CASE Agitated and aggressive
Mr. X, age 61, who has Alzheimer’s disease, is brought to the emergency department (ED) by his family after he is found to be confused, becomes physically aggressive with family members, and threatens to burn the house down. His family reports that earlier that day, he was paranoid that somebody was trying to kill him and he tried to leave the house. Mr. X has been experiencing visual hallucinations and delusional thoughts that made him aggressive towards his son. After an initial laboratory workup in the ED, Mr. X’s bloodwork comes back positive for mild leukocytosis, indicating the possibility of an infectious etiology. Mr. X is admitted to the hospital for further evaluation of his altered mental status.
HISTORY Decline over 2 years
This is Mr. X’s third inpatient admission for agitation and psychosis. His current medications—twice daily divalproex sodium extended release (ER), 250 mg every morning and 500 mg at every bedtime, and prazosin, 2 mg/d at bedtime—have been only partially effective. His medical history includes osteoarthritis, back pain, and heterozygous factor V Leiden (not on anticoagulation). He quit smoking tobacco several years ago and has no history of substance use. He has no family history of dementia. Previous trials of cholinesterase inhibitors, antipsychotics, and antidepressants resulted in only minimal improvement in his agitation and psychosis.

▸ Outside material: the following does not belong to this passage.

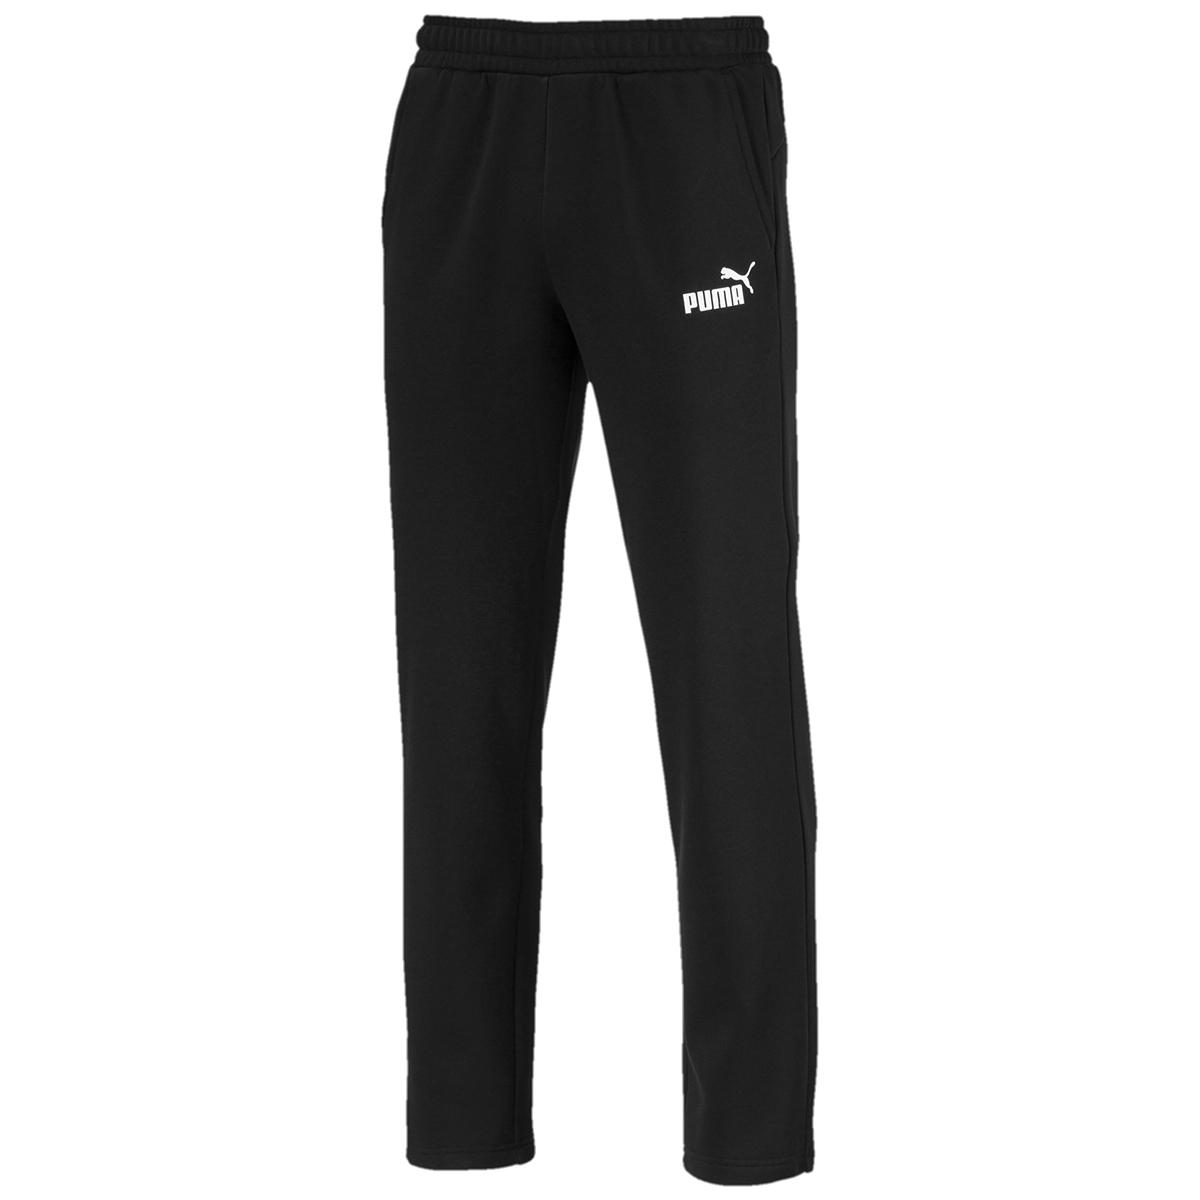 Puma Men's Essential Logo Pants - Black, XXL

A chart review shows that 2 years before his current hospital admission, Mr. X had presented to his primary care physician with slurred speech, forgetfulness, missing words, and transient reading difficulties. His initial laboratory workup and MRI came back normal. He was placed on short-term disability due to work-related errors. He was referred to the hospital’s Memory Clinic 2 years ago, where his Mini-Mental State Exam score was 20/30, indicating mild cognitive impairment. Stroke workup was negative. Due to significant language deficits, a differential diagnosis for Alzheimer’s disease vs primary progressive aphasia vs frontotemporal dementia was made. He screened positive for amyloid PET scan, which confirmed the diagnosis of Alzheimer’s disease.
Neuropsychological testing showed similarities with logopenic variant of primary progressive aphasia, which in many cases is present in Alzheimer’s disease. Mr. X was prescribed anticholinesterase inhibitors, including donepezil, 10 mg/d, and rivastigmine patch, 9.5 mg/d; and memantine, 10 mg/d, which he could not tolerate because of adverse effects. During the next year, Mr. X deteriorated and presented to the ED a few times with significant psychotic symptoms and aggression. He had a poor response to various pharmacologic and nonpharmacologic interventions during this time.
EVALUATION Continued problematic behaviors
During his hospitalization, Mr. X continues to be agitated and paranoid and is placed in restraints. He is unable to respond to his name and cannot follow simple verbal commands. Results of his laboratory workup are within normal limits. His mild leukocytosis resolves with no active signs of infection. Psychiatry is consulted for management of his behavioral and psychological symptoms of dementia (BPSD).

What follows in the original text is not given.